Although the secrets and pills and the Suki series directs anger in a head on collision course, the i am series is much more subdued, quiet in its inception. A seemingly conjured dark skinned Black man exists off centered in an atmospheric space, white billowy smoke twirling about him. 

From the i am series for Black Attitude Magazine.

Ma fille couvre moi ça - Suki, from the Suki series, photomontage & collage, Inkjet print on baryta paper, 50 cm x 75 cm, Afikaris.

Càtia Mota da Cruz and Prisca Monnier, founders of Black Attitude Paris Magazine photographed by Kelly Costigliolo for Griot Magazine

Monnier remarked on her emotional based art and process in an interview on Afikaris

“Anger is the strength that pushes me to create. My art is my escape. I generally deal with topics linked to the past, the traditions and cultural weight, genre, identity…

The topics I deal with are very personal and shooting other people would mean that they would interpret it in their own way. For some pictures, it doesn’t matter. I would even say that I need it. However, for some specific pictures, the photographer’s gaze toward the model becomes too heavy to carry. The subjects I deal with being brutal and strong, it could quickly become patronising. I prefer being my guinea pig and then being inspired and taking pictures without any delay nor intermediary. It’s real freedom. Freedom is the final goal in my life as in my art.

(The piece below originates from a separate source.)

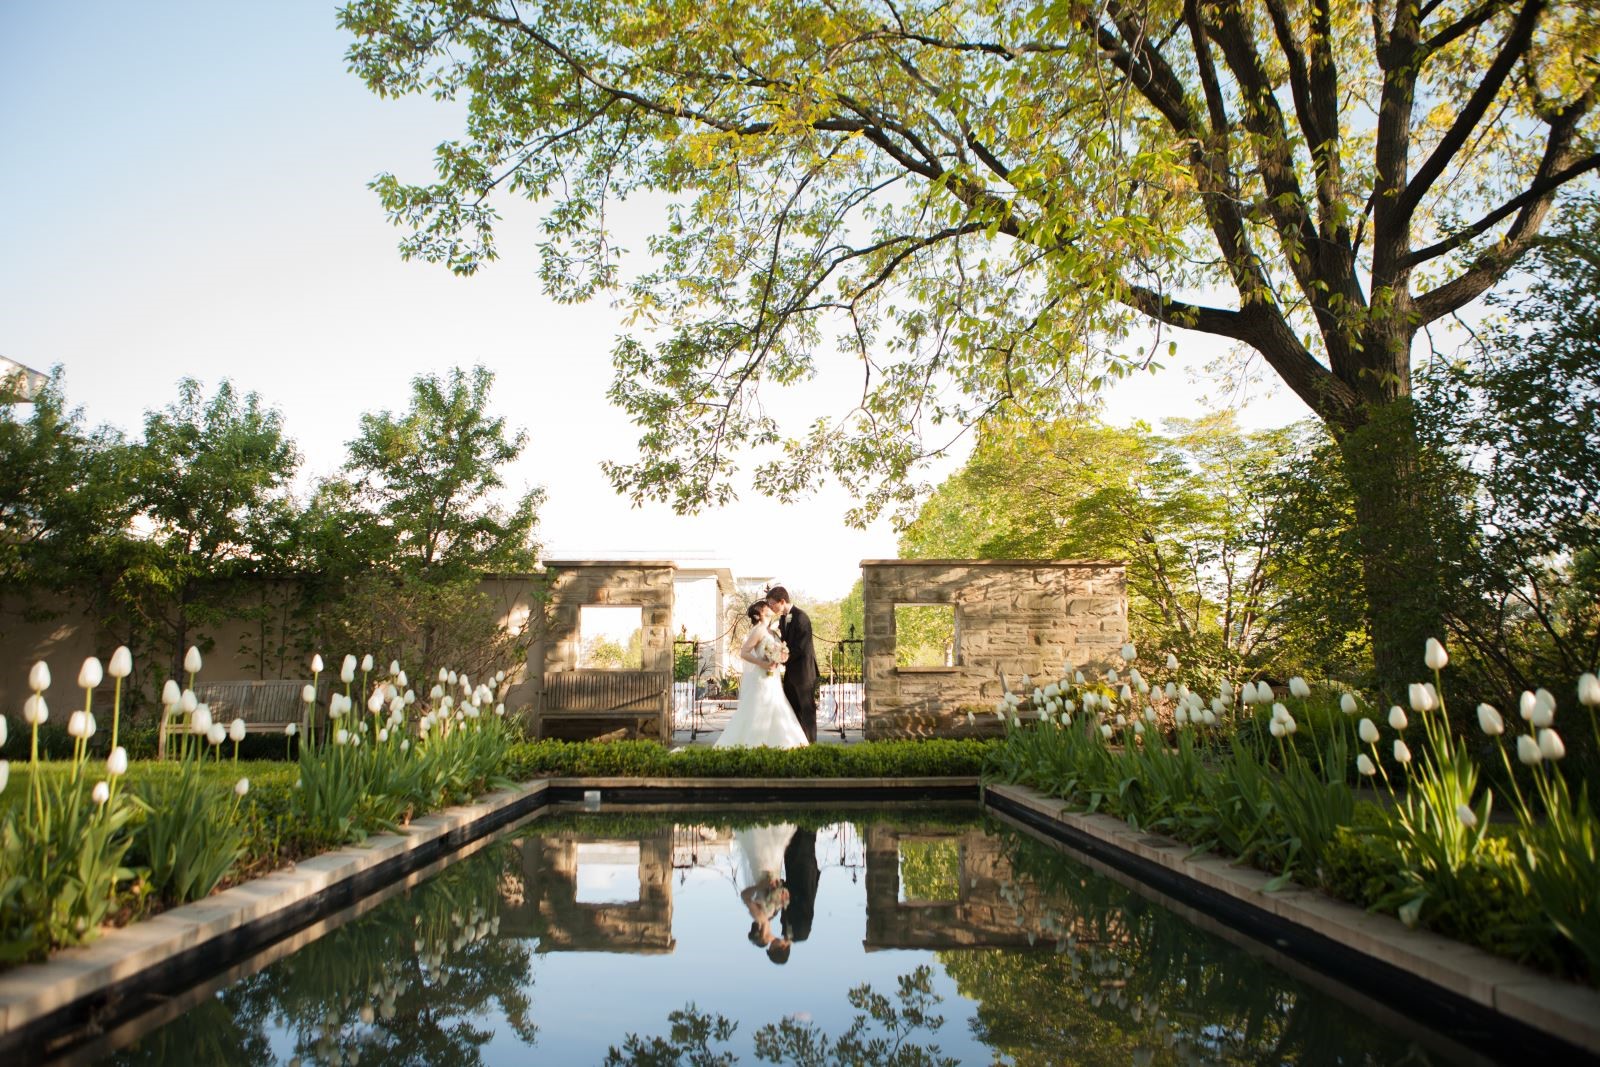 Destination wedding in Ohio at the Cleveland Botanical Garden Reflection Pool

I’m a black woman living in an Occidental society. Each picture conveys its message. In a general way, all my photographs describe the foibles of society linked to my experience and the feelings I inherited. I’m the voice my grandmother didn’t have.”


From the Dandy Queen Series.

Furthermore, Monnier’s street and fashion photography dissect societal gender roles much showcased in her phenomenal Dandy Queen series. Brown and dark skin Black women wear tailored vintage suits, ties, and loafers, embracing their natural hair elegantly styled in coifs and pompadours. From the sepia and earthy tones merging past with an Afrofuturist attitude. These are the women who would have otherwise been otherwise uncentered, erased in, granted a platform to be their truest, unique, individualized selves. Monnier was not only featured in independent curator/scholar Shantrelle P. Lewis’s book, Dandy Lion: The Black Dandy and Street Style, Monnier’s Dandy Queen portraits traveled to an exhibition at the Museum of Fine Arts in Boston, Massachusetts. 

From the Dandy Queen Series.

In addition to exhibits in Bremen, Germany and Zurich, Switzerland, Monnier has shown work at Galeria Afikaris in France, the Goodman Gallery and Maboneng Presinct in Johannesburg, South Africa, and a pop up in New York City, New York, the United States of America.  

Self portrait, May 2020.

Currently, Monnier lives between Paris and Marseilles in France and Kinshasa in the Democratic of the Congo. She co-runs Black Attitude Paris Magazine alongside Càtia Mota da Cruz.